В темной прихожей садился Костя на стул. Шепотком повторял про себя урок. Кухарка тащила мимо Кости в кухню ведерный самовар. Темным слоном влезала в прихожую исправничиха. Шарила шубейку на стене — в сени надо выйти, — во тьме руками натыкалась на Костю.
— Тьфу-тьфу-тьфу! Сгинь, окаянный, сгинь! Да это ты! Ух, провались ты совсем… Ну иди уж, иди, Фирочка чай отпила.
Костя светлел и лез наверх, в Глафирину светелку.
— Ну? — говорила Глафира сердито, сидя перед зеркалом, к Косте спиной.
Недавно Глафира открыла: стала у ней борода расти, может, только ей одной и заметные золотые волоски. Плохой это знак: немножко еще, может, год, может, месяц. — и начнут вянуть груди, вся начнет осыпаться, и никогда не узнает того, что знала счастливая кошка Милка.
С сердцем Глафира выстригала по одному волоску, а Костя тачал — от сих и до сих. Все уроки он знал назубок, зубрил день и ночь — только чтоб она кивнула головой: хорошо, мол.
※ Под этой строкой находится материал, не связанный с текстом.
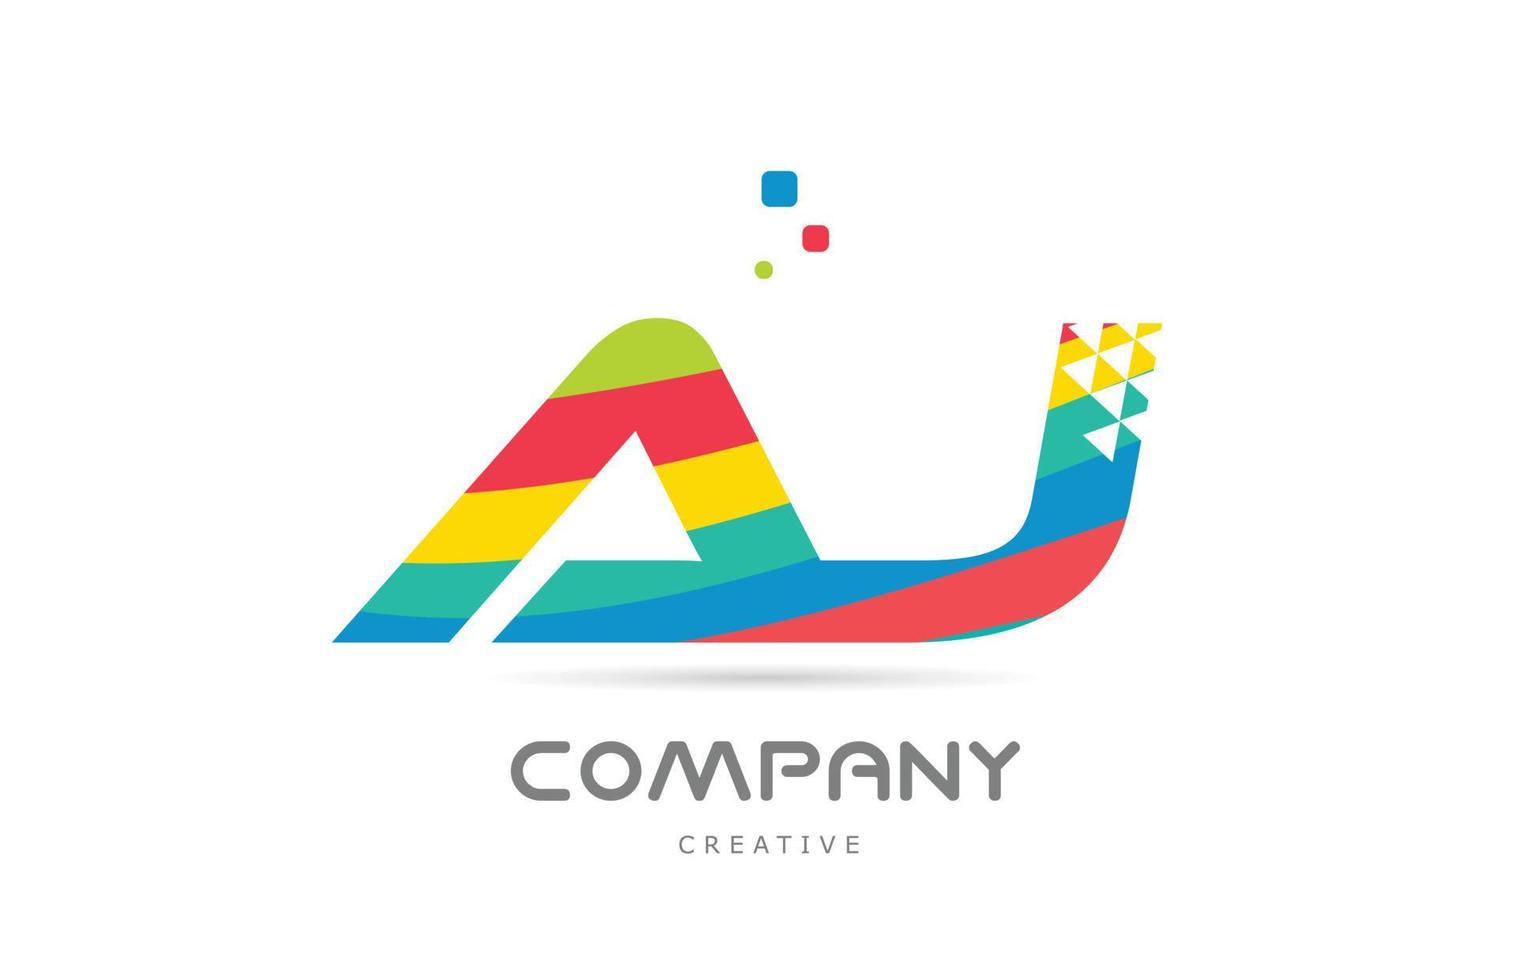 design de ícone do logotipo da letra do alfabeto colorido aj. design de modelo criativo colorido para empresa ou negócio vetor

И все же один раз было: Костя не мог ответить урока, стоял, как немырь, с покорной улыбкой. В тот раз Глафира торопилась в гости. В одном лифе, сидя перед зеркалом, закладывала старинную прическу: венком на голове — круг русой косы. Держала шпильки в зубах — с сердцем проговорила сквозь шпильки:
— Вше равно, шкажите, пушть идет, отвечает. А то некогда будет.
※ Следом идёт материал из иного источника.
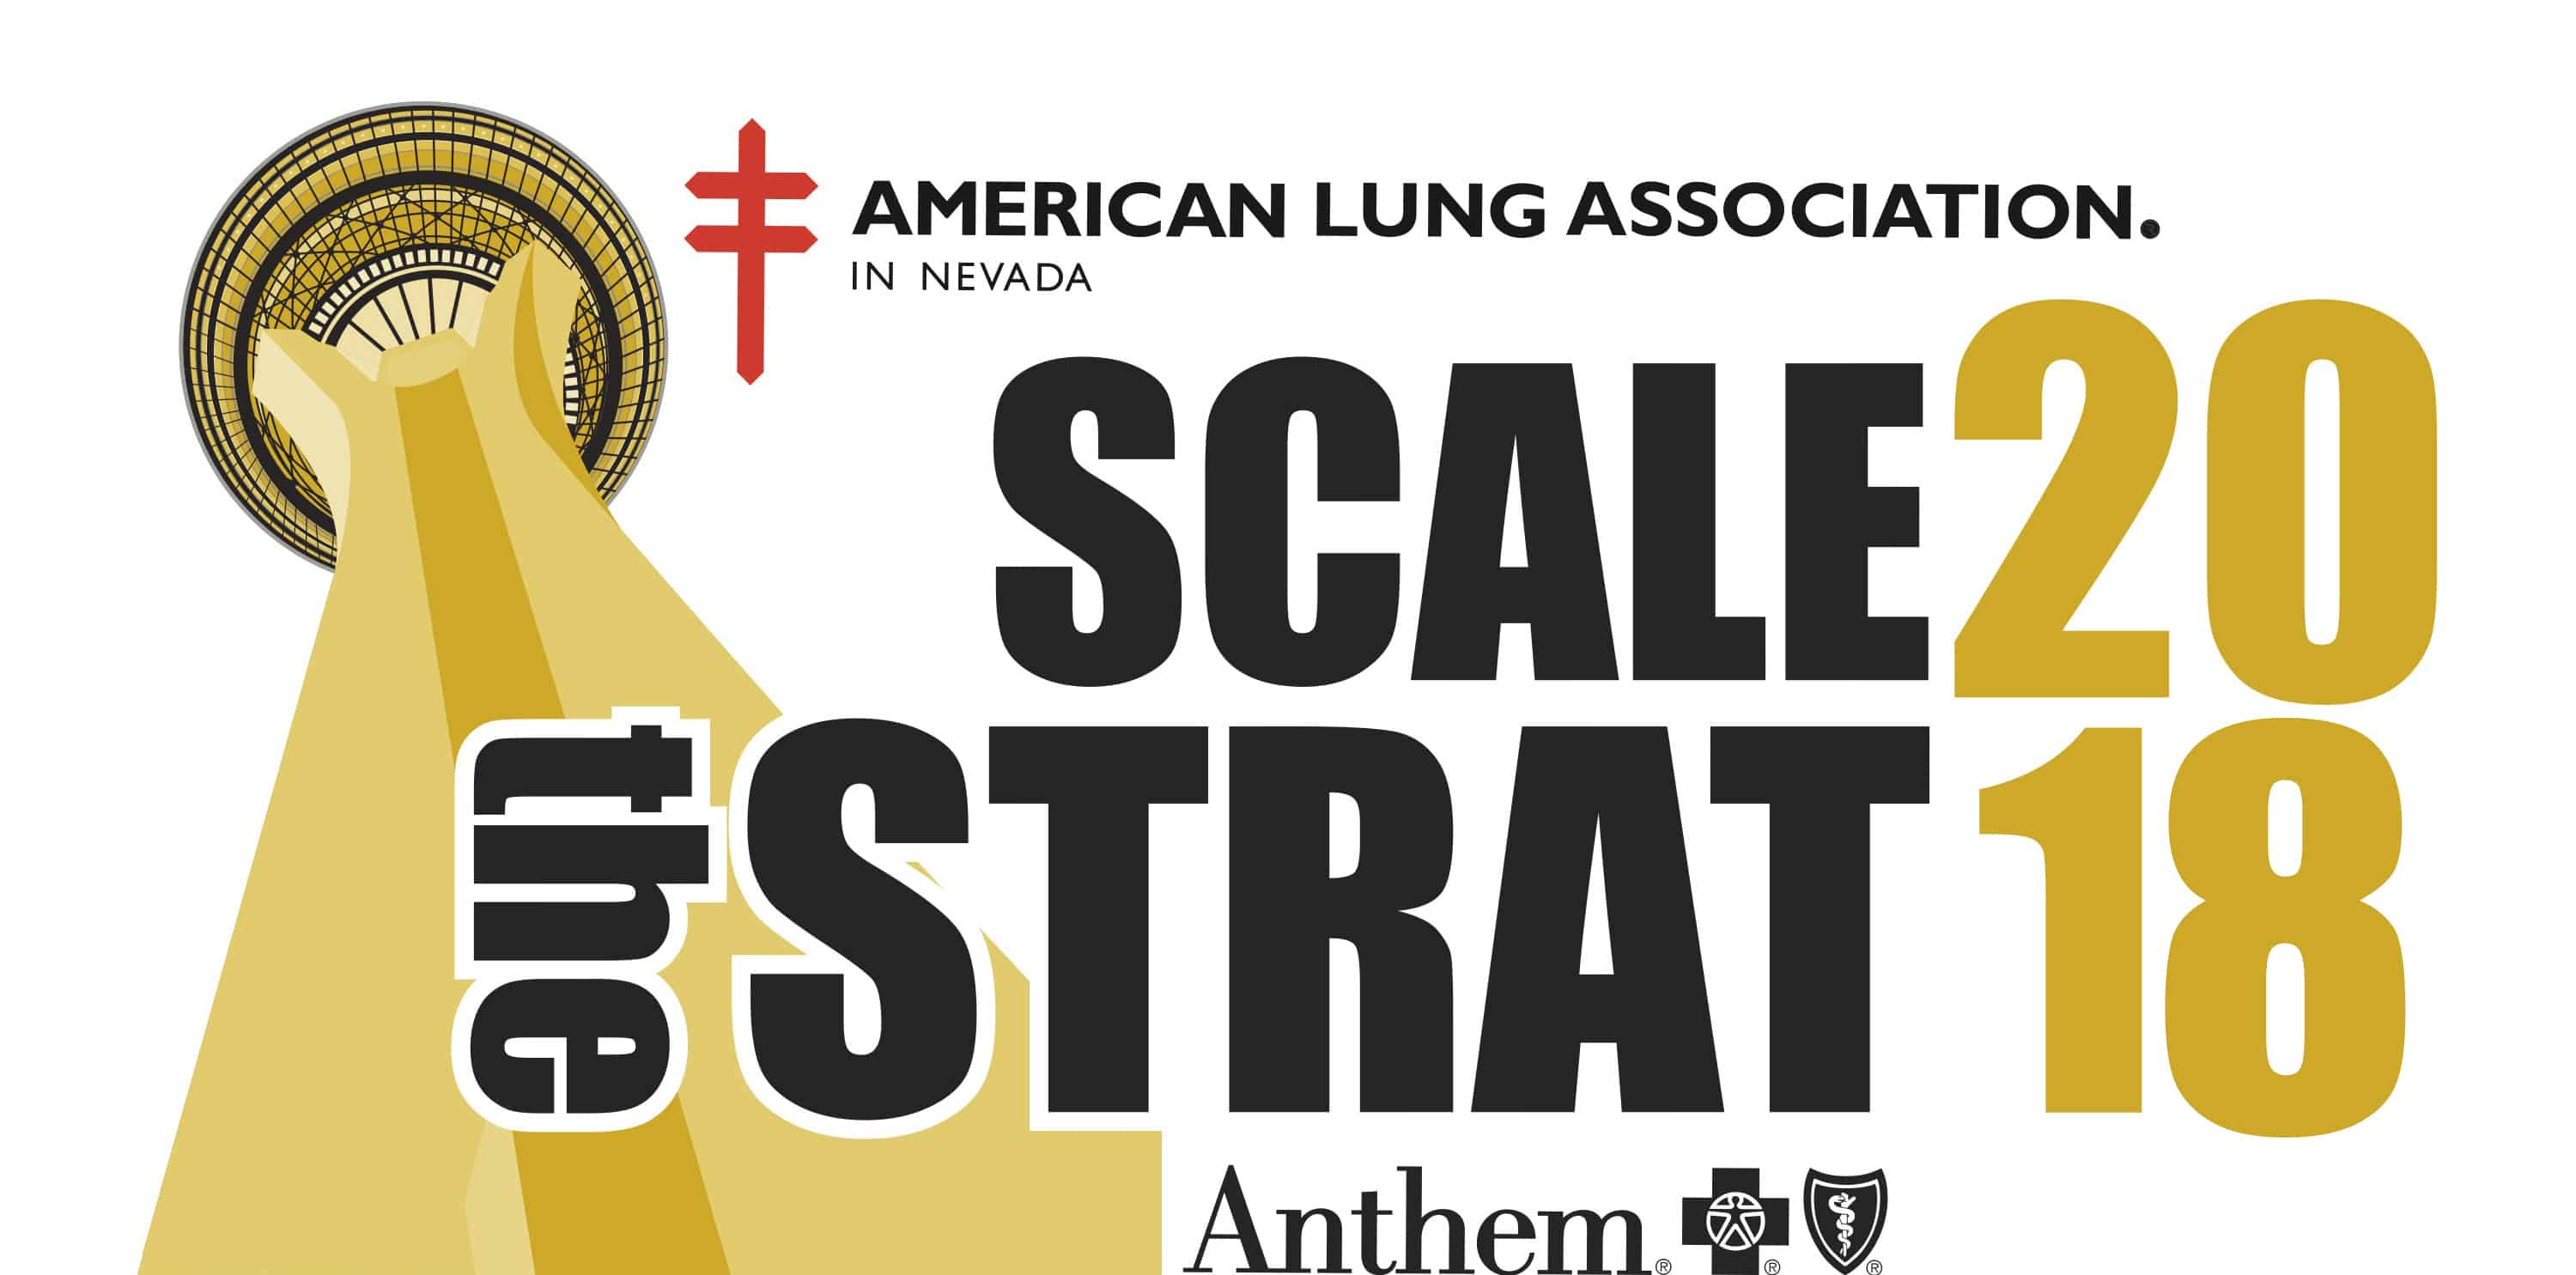 2017 Scale the Strat logo copy

Костя вошел — и свету невзвидел. Зажмурил глаза и тотчас же не стерпел — открыл. Опять: кружева и розово-нежное что-то, такое, что… Сердце зазябло у Кости, заныло, забыл все слова.
— Некогда тут, а он как… — оглянулась Глафира, хотела прикрикнуть и — рассмеялась. Поняла. — Подержите мне, Костя, зеркало. Так. А теперь вот сюда. Так. Ну, спасибо, довольно. Довольно же, ну?
Зеркало ходуном ходило. Костя молчал, а рот был растворен все той же, его покорной от века, улыбкой.
Назначили Косте экзамен наране Успенья. Жарынь стояла. Мух развелось невесть сколько. Старушку одну — не владела она руками — так изжиляли, что ума решилась старушка. Трудно было заниматься Косте. Весь иссиделся — как вот, бывает, иссидится наседка: выйдет из лукошка — и шагу ступить не может. Веснушками Костя зацвел, голова стала еще больше, обрезался озябший носик.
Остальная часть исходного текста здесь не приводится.